At night, the "daytime Erika" of the conservatory is left behind as she goes to porn booths and watches sexually graphic films and sniffs leftover tissues of former patrons to, we presume, get a sexual kick. She does other sexually exotic things throughout the film that are kinky enough to give the kinky pause.

When Erika meets a young, handsome piano player, Walter Klemmer (Benoit Magimel), her world of sexual sadism and self-destruction is taken to the extreme. Walter wants a traditional love affair with Erika, but she has something very different in mind.

The climactic scene where the two of them fight for dominance is one that will go down in cinema history as one of the most horrifying, sad, real, and insightful sex scenes ever filmed. You will NEVER forget Erika's face when she looks fully into the heart of darkness with Walter.

This is a must-see for film lovers and a must-have for Huppert fans.

Movie Review: A dark and sometimes disturbing film
Summary: 5 Stars

Some may be put off by the length of the film (and even more by the fact that it is not in English) but I urge you to sit through this film, watch it to its disturbing end.

This is an excellent film which looks more into how we view people and how they really are. Huppert is excellent as a middle class piano teacher who on the outside is a rigid woman in control of her life as much as she is in control of her students, she demands perfection and accepts no excuses. In her private life however, she is torn apart by contradictions. Hupperts commentary in additional material sums it up perfectly, she is almost like a child. Smothered by a mother who controls every aspect of her private life she resorts to what many would consider a 'perverse' private life.

She becomes the unwilling victim of the attractions of one of her students, a young man who has it all, well off family, friends and the social standing that means what he wants, he gets. After a long pursuit Hppert finally gives in only to discover that by opening up to this young man she may lose more than she ever imagined.

This is a film that does at time demand your attention as does last over 2 hours but sit through it, you will be rewarded by the end.

Movie Review: now this is a great psychological portrait
Summary: 5 Stars

Bound to become a classic of world cinema, 'the piano teacher', is Michael Haneke's most perfect film.. It tells the story of a women so repressed and abused by her mother that she explodes with sexual tension..
it comes out in her music.. and in a sort of chaotic relationship with one of her students.. at times incestuous and at times perverse this is a truly disturbed women who is as rigid as her own philosophy of music- this is a must see - a modern classic from a powerful new cinematic voice..

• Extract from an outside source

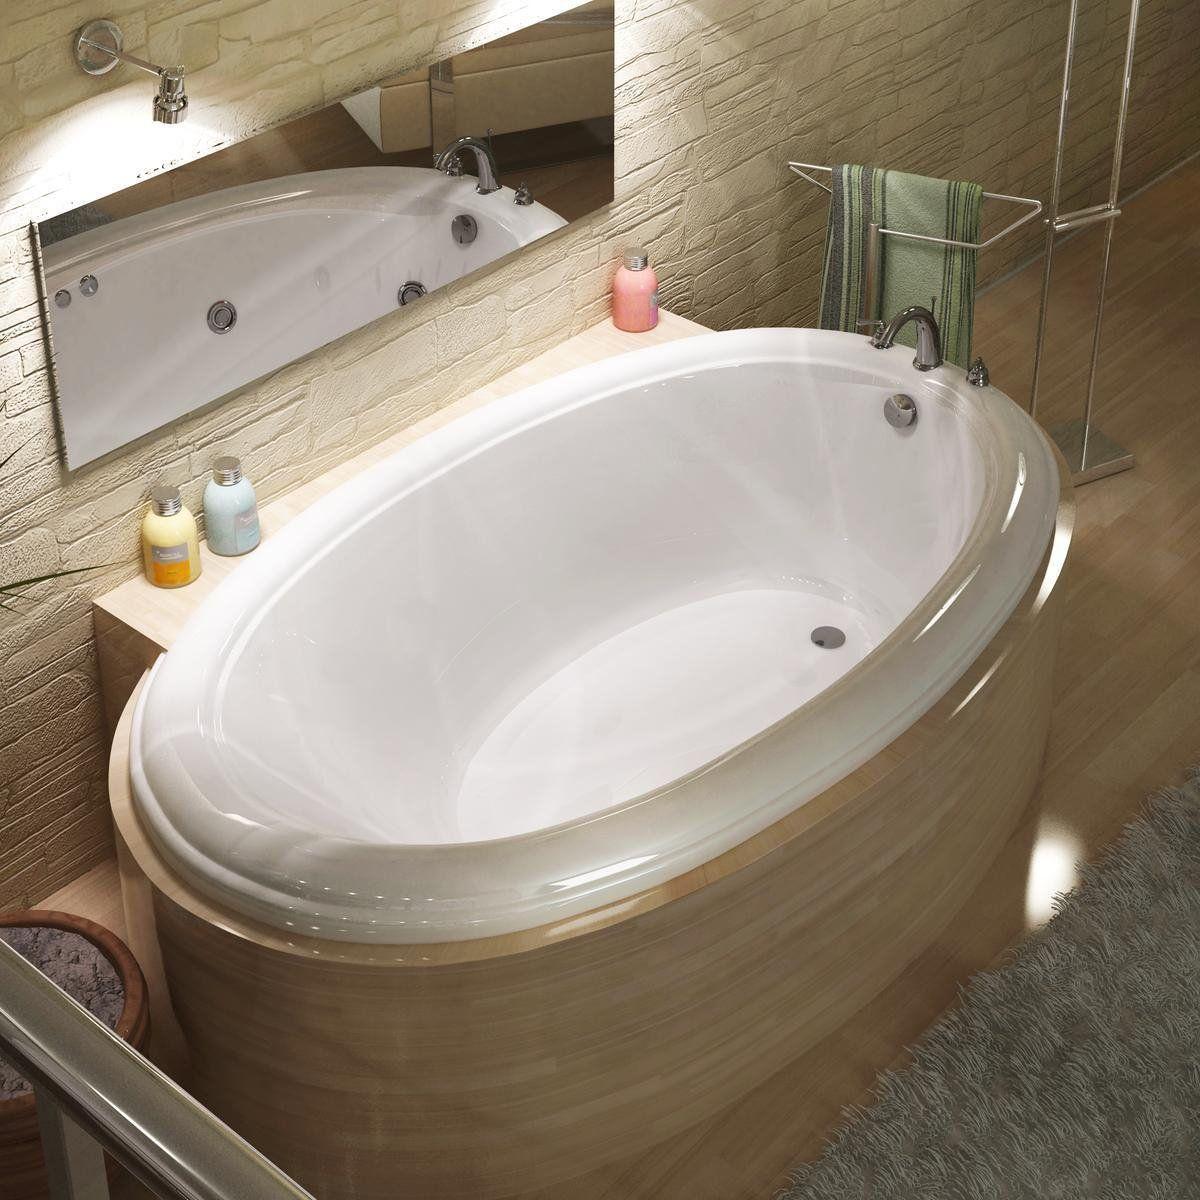 Atlantis 3660P Petite Oval Tub | Master Bath | Pinterest | Tubs ...

Movie Review: A Very Dark Tale!
Summary: 4 Stars

Being a piano teacher myself, I was very curious about this film. I don't teach in a conservatory, but do know that artists at that level can become very eccentric, and when they feel threatened, they can be vicious. Still, this film took that to the extreme and then some. Erika's relationship with her mother didn't make it any easier to achieve mental health, and her sexual fantansies and perversions drove her deeper into the abyss. By all outward appearances, she was a repressed, uptight bully with most of her students who went home to a quiet life with her equally repressed, bullying mother, but she often sneaked out at night to act out her fantasies. It's when an attractive student takes a romantic interest in her that she decides she can use him to act out her ultimate fantasies of being beaten and abused to an extreme. She controls him cruelly until he agrees to follow through. Some of this is hard to watch, but the film is never judemental, and Erika's humanity is always there. As twisted as she has become, she is never a caricature or a two-dimensional character. This is a very dark, very adult tale that left me a little shaken, as I'm sure was intended.